# RAG Model Proof of Concept

- Source: https://python.langchain.com/v0.1/docs/use_cases/code_understanding/
- Code: https://colab.research.google.com/github/langchain-ai/langchain/blob/v0.1/docs/docs/use_cases/code_understanding.ipynb#scrollTo=etu19rb1Oj2d

In [34]:
%pip install --upgrade --quiet langchain-openai tiktoken langchain-chroma langchain GitPython

Note: you may need to restart the kernel to use updated packages.


In [13]:
# import libraries
from dotenv import load_dotenv
import os
from git import Repo
from langchain_community.document_loaders.generic import GenericLoader
from langchain_community.document_loaders.parsers import LanguageParser
from langchain_text_splitters import Language
from langchain.chains import create_history_aware_retriever, create_retrieval_chain
from langchain.chains.combine_documents import create_stuff_documents_chain
from langchain_core.prompts import ChatPromptTemplate
from langchain_openai import ChatOpenAI
from langchain_text_splitters import RecursiveCharacterTextSplitter
from langchain_chroma import Chroma
from langchain_openai import OpenAIEmbeddings
import pickle

In [18]:
# load environment variables
load_dotenv()

# Access OpenAI API key
openai_key = os.getenv('OPENAI_API_KEY')

## Clone repo and load content

In [16]:
# Clone target repo locally
target_repo_link = "https://github.com/langchain-ai/langchain"
repo_path = "Users/djr/Desktop/target_repo"
repo = Repo.clone_from(target_repo_link, to_path=repo_path)

In [20]:
# Load content from repository
loader = GenericLoader.from_filesystem(
    repo_path + "/libs/core/langchain_core",
    glob="**/*",
    suffixes=[".py"],
    exclude=["**/non-utf8-encoding.py"],
    parser=LanguageParser(language=Language.PYTHON, parser_threshold=500),
)
documents = loader.load()
len(documents)

### Index data and embed to vector store

In [21]:
# split and index documents
python_splitter = RecursiveCharacterTextSplitter.from_language(
    language=Language.PYTHON, chunk_size=2000, chunk_overlap=200
)
texts = python_splitter.split_documents(documents)
len(texts)

1017

In [23]:
# generate and save vector embeddings
db = Chroma.from_documents(texts, OpenAIEmbeddings(disallowed_special=()), persist_directory='vector_store')
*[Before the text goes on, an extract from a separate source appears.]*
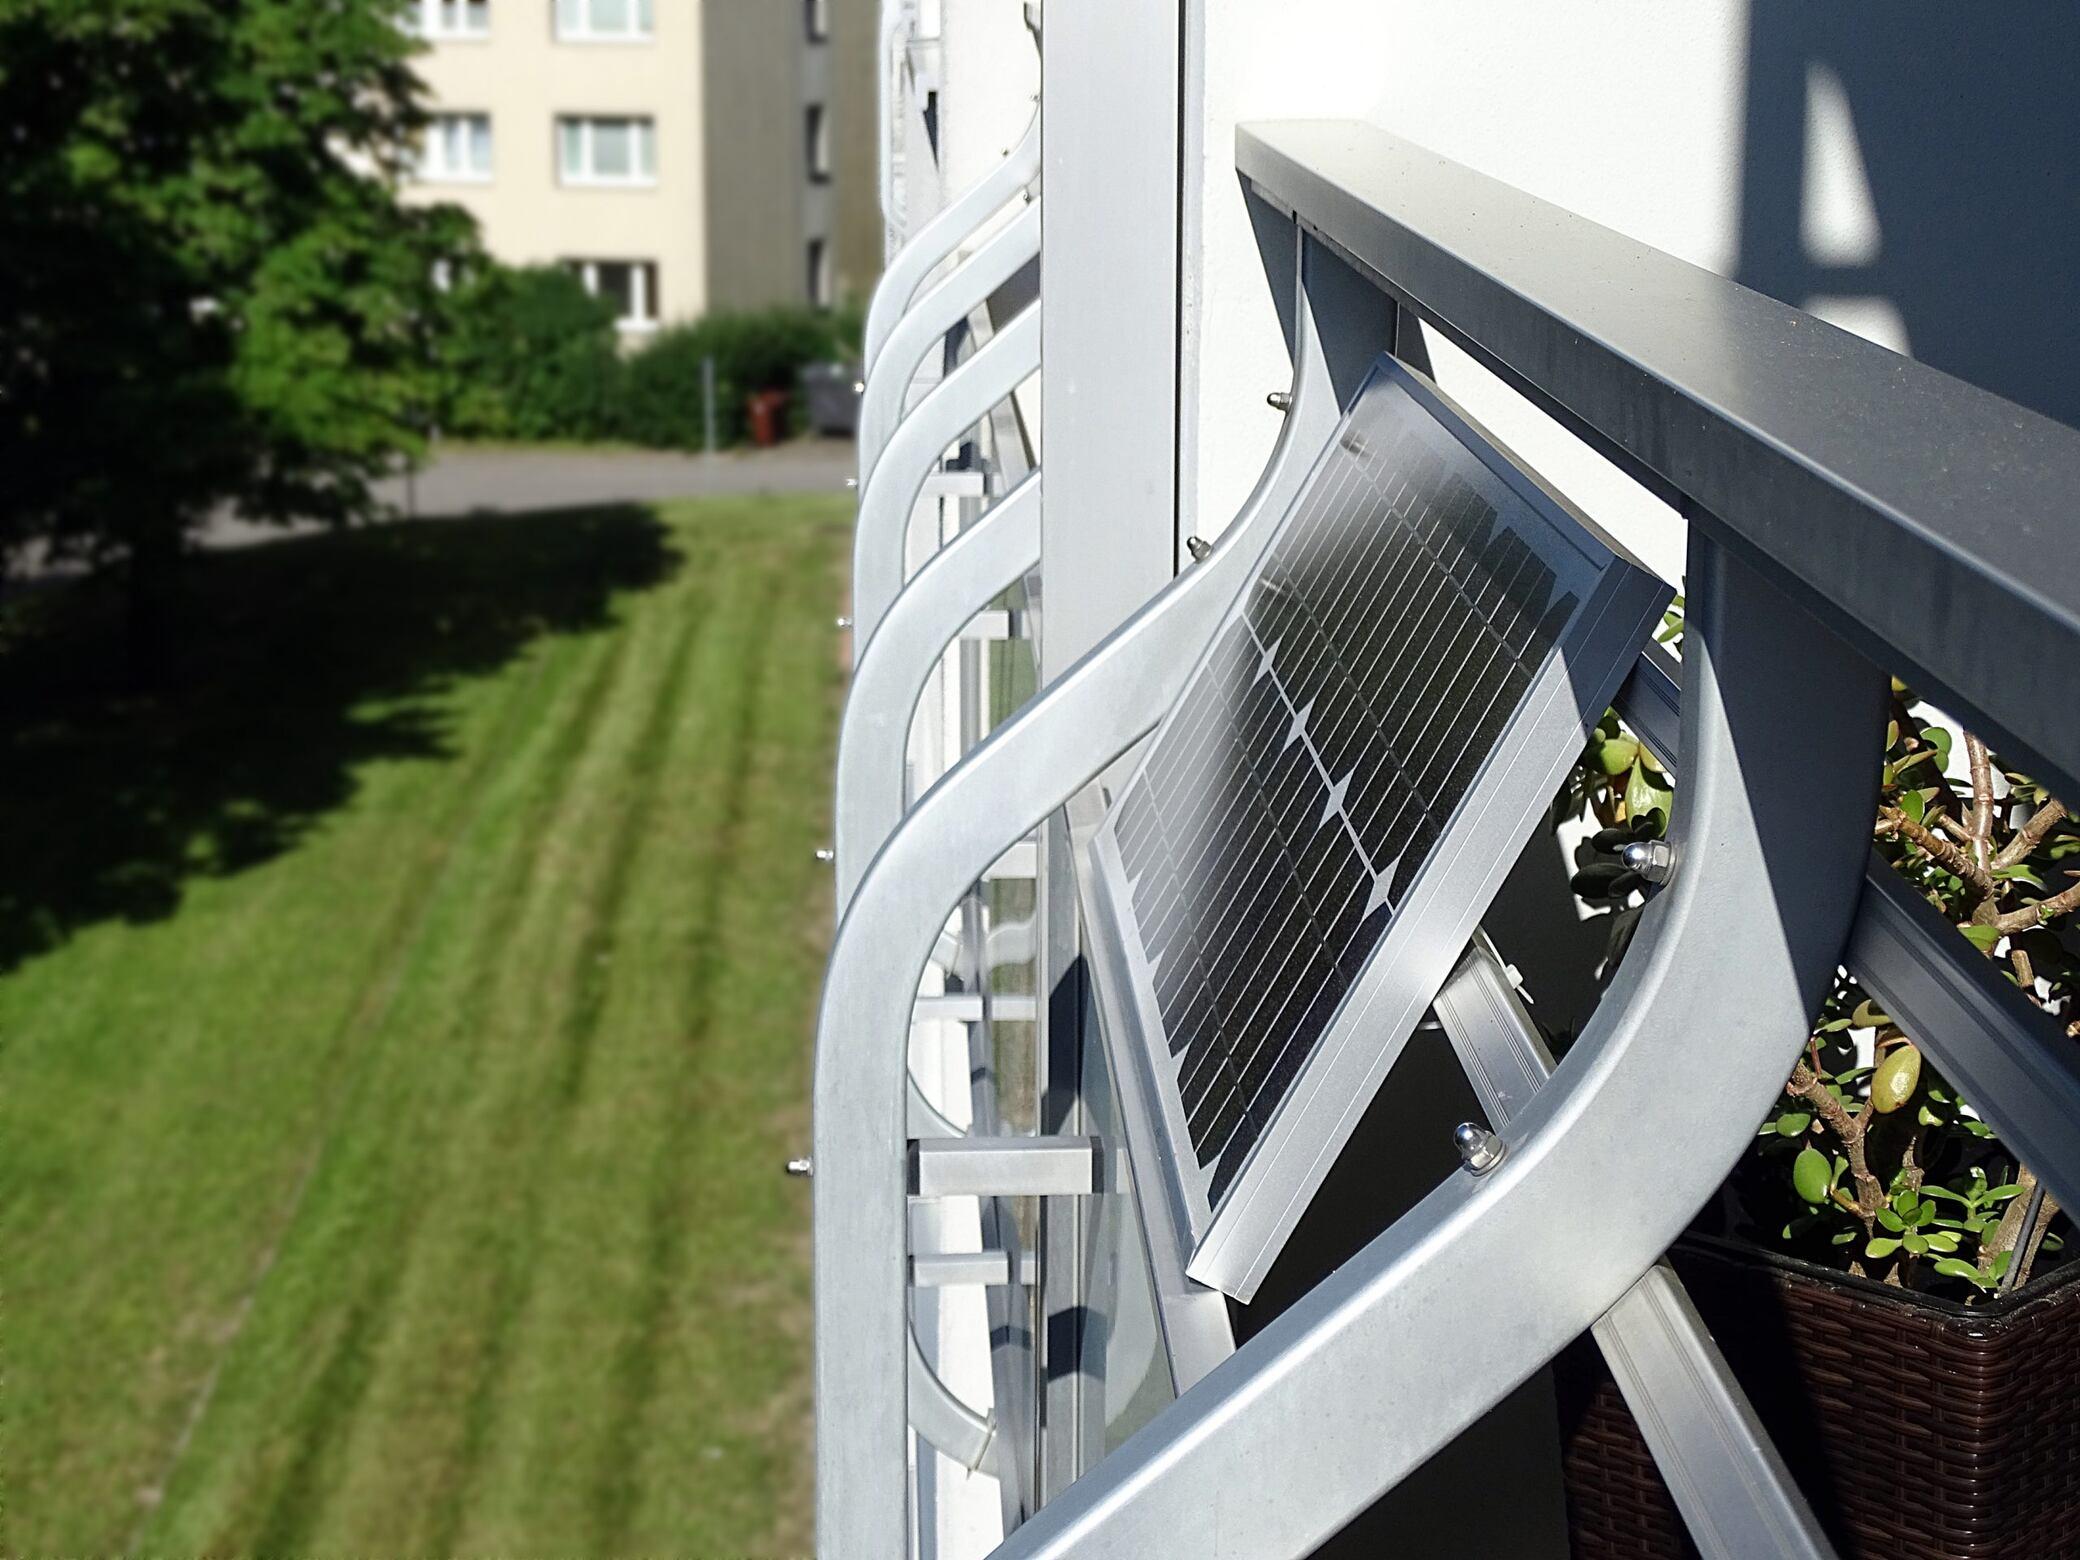 Mit einer Solaranlage auf dem Balkon Strom erzeugen - myHOMEBOOK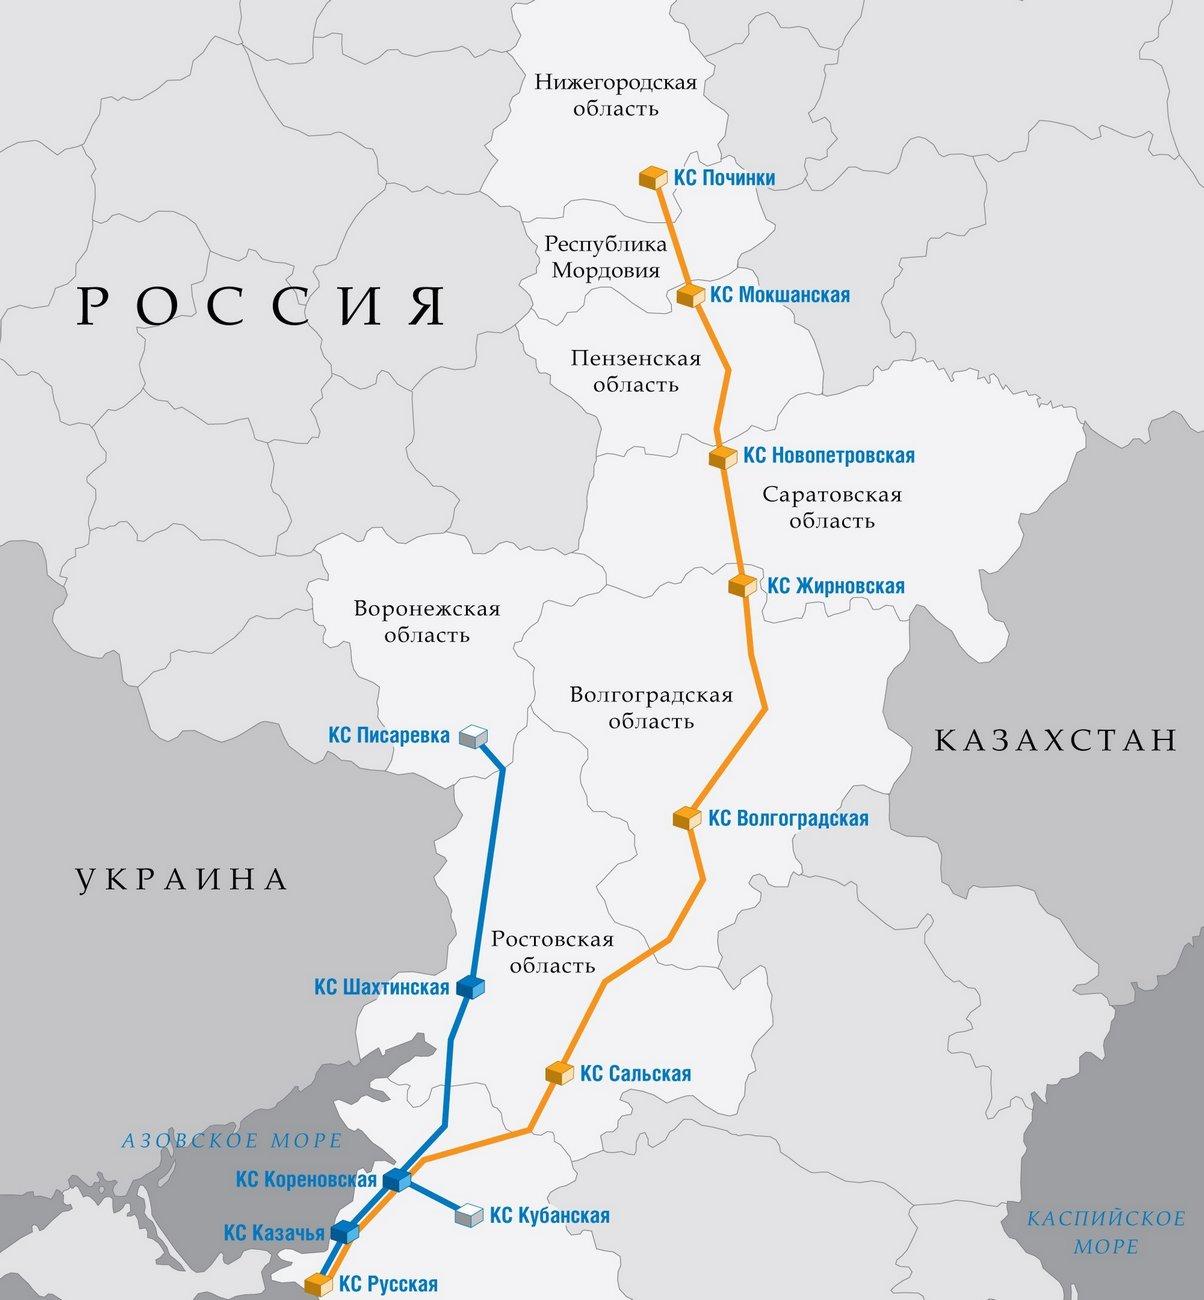 Станция «Кубанская» расположена в Усть-Лабинском районе Краснодарского края. Вопреки расхожим предст

### Read embeddings and create retriever

In [31]:
# read embeddings
db1 = Chroma(persist_directory='vector_store', embedding_function=OpenAIEmbeddings(disallowed_special=()))

#build retriever
retriever = db1.as_retriever(
    search_type="mmr",  # Also test "similarity"
    search_kwargs={"k": 8},
)

### Create LLM + retriever pipeline

In [32]:
llm = ChatOpenAI(model="gpt-4")

# First we need a prompt that we can pass into an LLM to generate this search query

prompt = ChatPromptTemplate.from_messages(
    [
        ("placeholder", "{chat_history}"),
        ("user", "{input}"),
        (
            "user",
            "Given the above conversation, generate a search query to look up to get information relevant to the conversation",
        ),
    ]
)

retriever_chain = create_history_aware_retriever(llm, retriever, prompt)

prompt = ChatPromptTemplate.from_messages(
    [
        (
            "system",
            "Answer the user's questions based on the below context:\n\n{context}",
        ),
        ("placeholder", "{chat_history}"),
        ("user", "{input}"),
    ]
)
document_chain = create_stuff_documents_chain(llm, prompt)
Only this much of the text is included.